A pull-up is an upper-body strength exercise. The pull-up is a closed-chain movement where the body is suspended by the hands, gripping a bar or other implement at a distance typically wider than shoulder-width, and pulled up. As this happens, the elbows flex and the shoulders adduct and extend to bring the elbows to the torso.

Pull-ups build up several muscles of the upper body, including the latissimus dorsi, trapezius, and biceps brachii. A pull-up may be performed with overhand (pronated), underhand (supinated)—sometimes referred to as a chin-up—neutral, or rotating hand position.

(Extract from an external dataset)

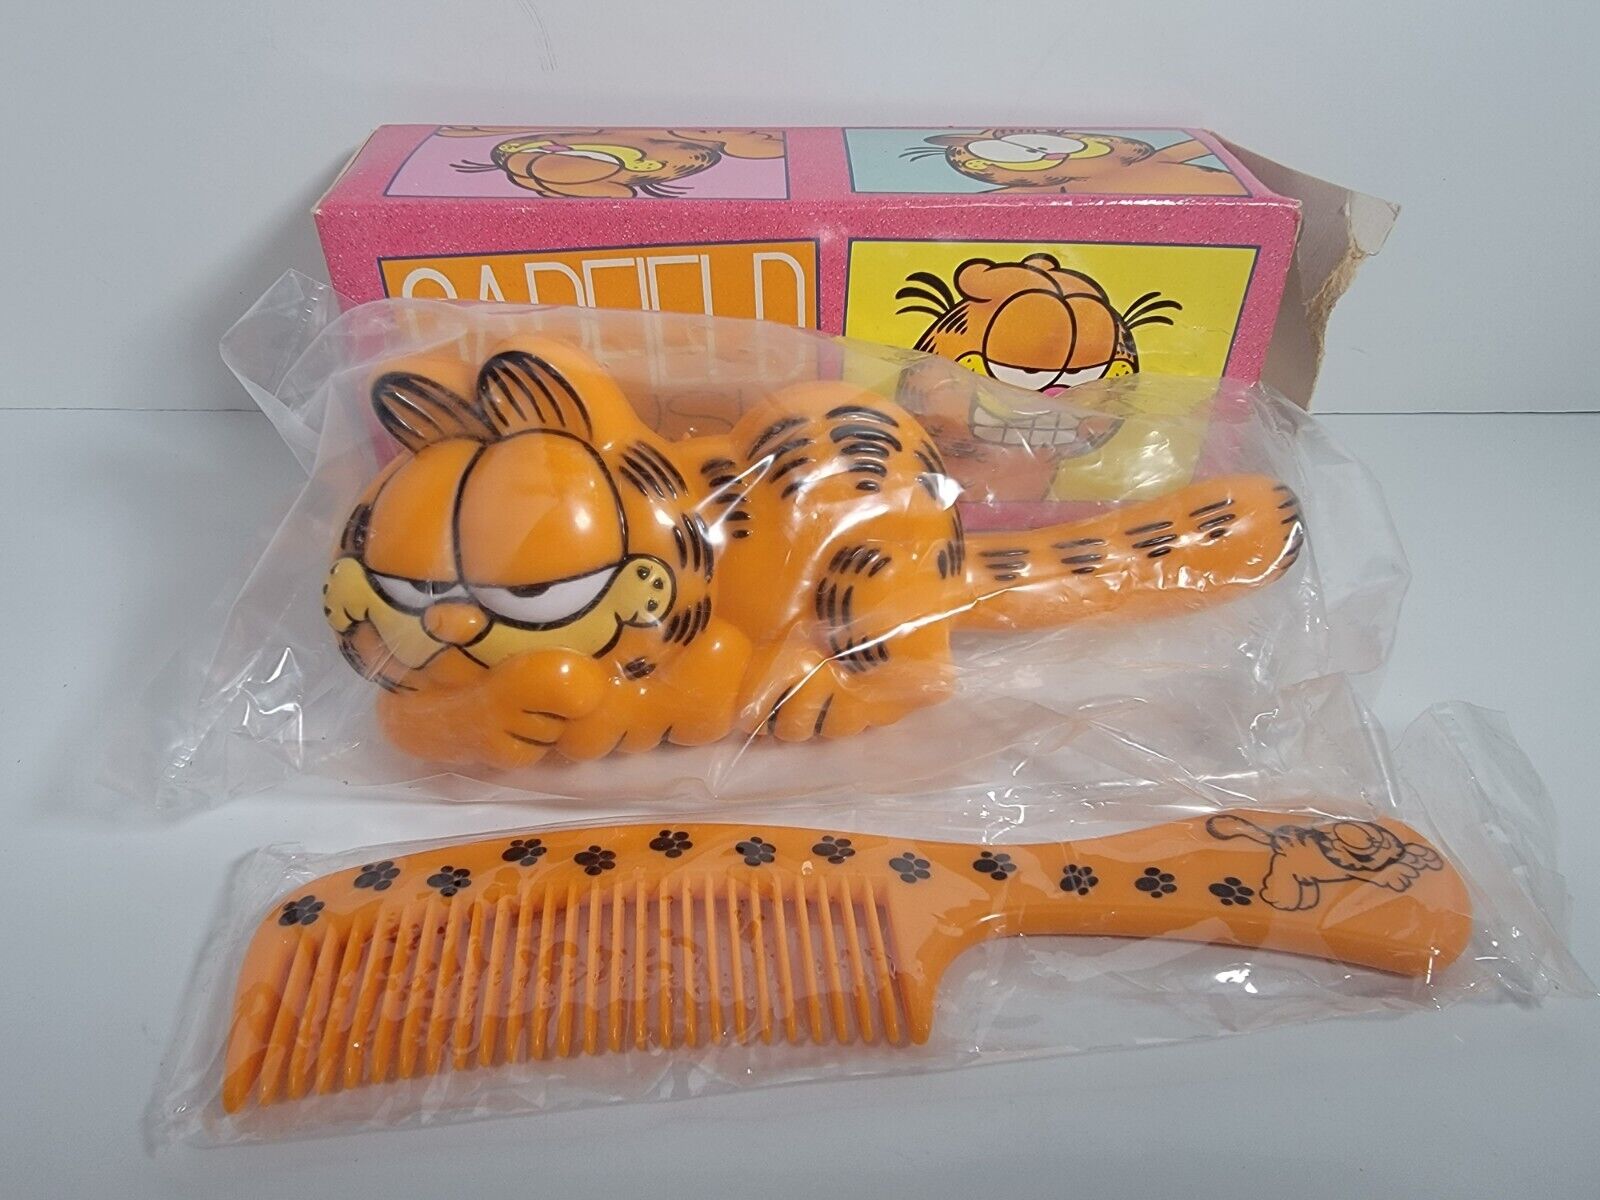 1978 Garfield Brush And Comb Set -Avon- New In Orig Packaging,

Pull-ups are used by some organizations as a component of fitness tests, and as a conditioning activity for some sports.

==Movement==
Beginning by hanging from the bar, the body is pulled up vertically. From the top position, the participant lowers their body until the arms and shoulders are fully extended. The end range of motion at the top end may be chin over bar or higher, such as chest to bar.

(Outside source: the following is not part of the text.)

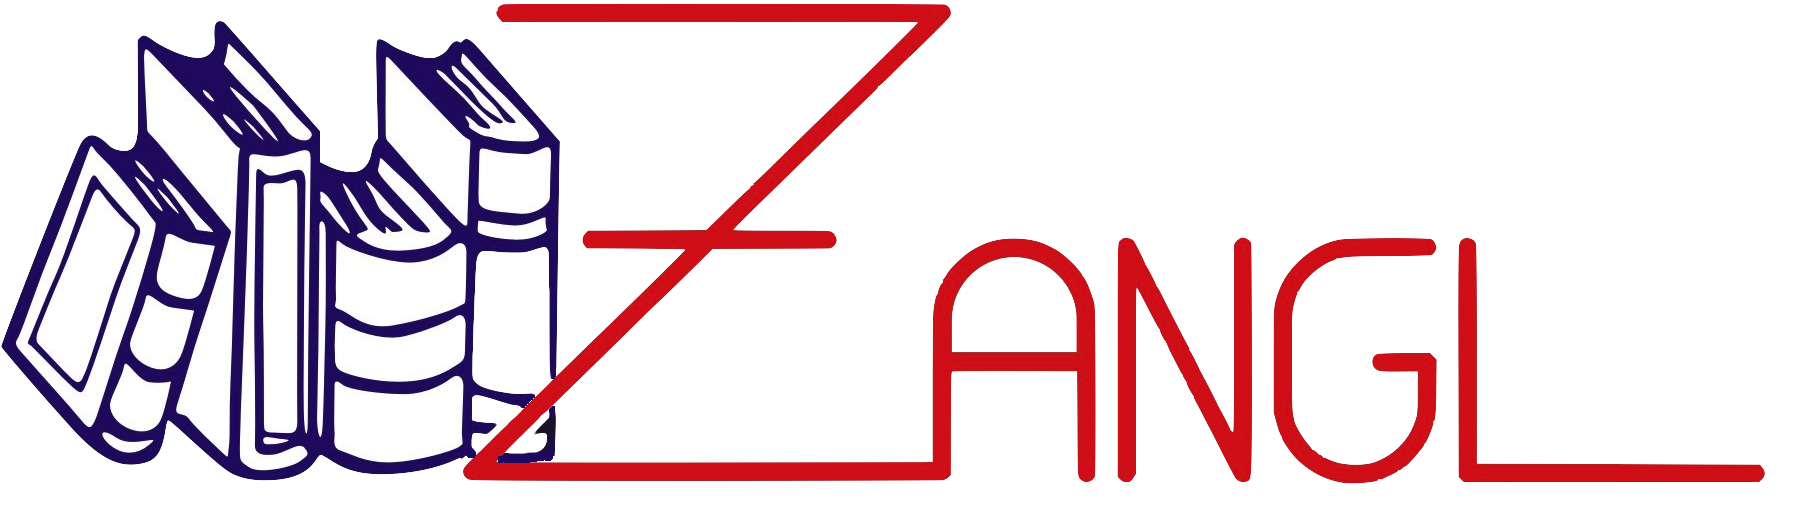 Buchhandlung Zangl Logo

Pull-ups are a closed-chain, compound movement involving flexion at the elbow and adduction or extension of the shoulder joint. The trapezius, infraspinatus, and brachialis muscles are most active at the beginning of the pull-up; the latissimus dorsi, teres major, and biceps brachii reach peak activity during the middle of the movement, and the triceps brachii and subscapularis experienced maximum activity at the top of the movement. There is similarity to the pull-down in terms of the muscle activation.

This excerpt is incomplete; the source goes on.